We’ll use a running example for each of the metric definitions. Here, we have a ground truth or reference text sequence:

reference = "the cat sat on the mat"

And a predicted sequence from the speech recognition system that we’re trying to assess:

prediction = "the cat sit on the"

We can see that the prediction is pretty close, but some words are not quite right. We’ll evaluate this prediction against the reference for the three most popular speech recognition metrics and see what sort of numbers we get for each.

Word Error Rate

The word error rate (WER) metric is the ‘de facto’ metric for speech recognition. It calculates substitutions, insertions and deletions on the word level. This means errors are annotated on a word-by-word basis. Take our example:

Reference:	the	cat	sat	on	the	mat
Prediction:	the	cat	sit	on	the
Label:	✅	✅	S	✅	✅	D

Here, we have:

1 substitution (“sit” instead of “sat”)
0 insertions
1 deletion (“mat” is missing)

This gives 2 errors in total. To get our error rate, we divide the number of errors by the total number of words in our reference (N), which for this example is 6: $\begin{aligned} WER &= \frac{S + I + D}{N} \\ &= \frac{1 + 0 + 1}{6} \\ &= 0.333 \end{aligned}$

Alright! So we have a WER of 0.333, or 33.3%. Notice how the word “sit” only has one character that is wrong, but the entire word is marked incorrect. This is a defining feature of the WER: spelling errors are penalised heavily, no matter how minor they are.

The WER is defined such that lower is better: a lower WER means there are fewer errors in our prediction, so a perfect speech recognition system would have a WER of zero (no errors).

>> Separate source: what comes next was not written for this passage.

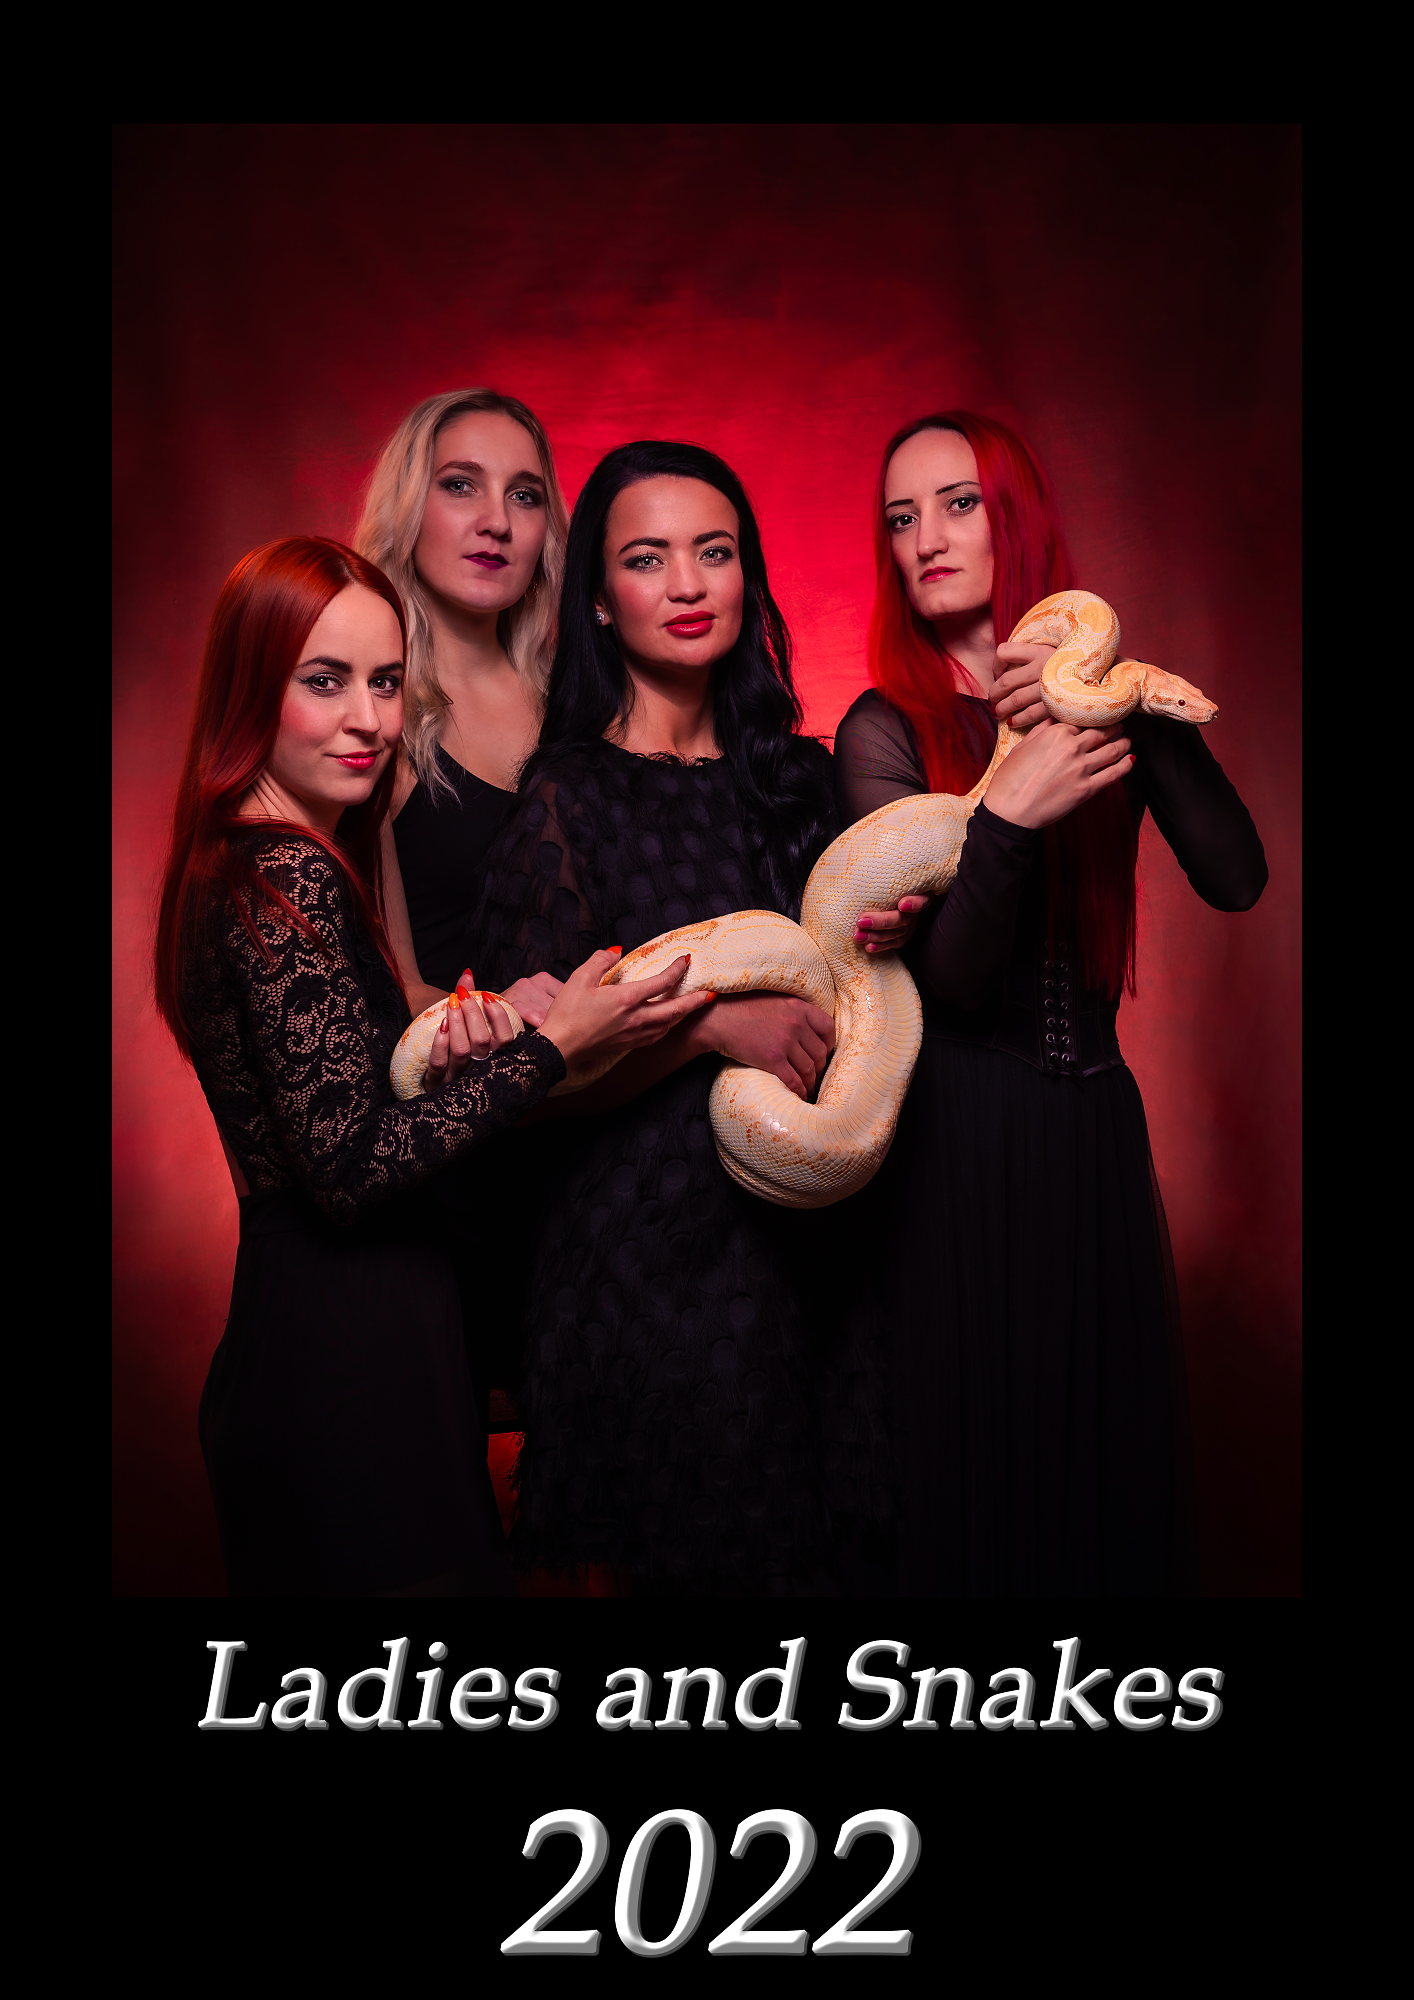 kalendař, kalendar, ladis and snakes, modelka s hadem, snakes, model, dahi, atelier, www.pavelvyskocil.cz

Let’s see how we can compute the WER using 🤗 Evaluate. We’ll need two packages to compute our WER metric: 🤗 Evaluate for the API interface, and JIWER to do the heavy lifting of running the calculation:

pip install --upgrade evaluate jiwer

Great! We can now load up the WER metric and compute the figure for our example:

from evaluate import load

wer_metric = load("wer")

wer = wer_metric.compute(references=[reference], predictions=[prediction])

print(wer)

Print Output:

0.3333333333333333

0.33, or 33.3%, as expected! We now know what’s going on under-the-hood with this WER calculation.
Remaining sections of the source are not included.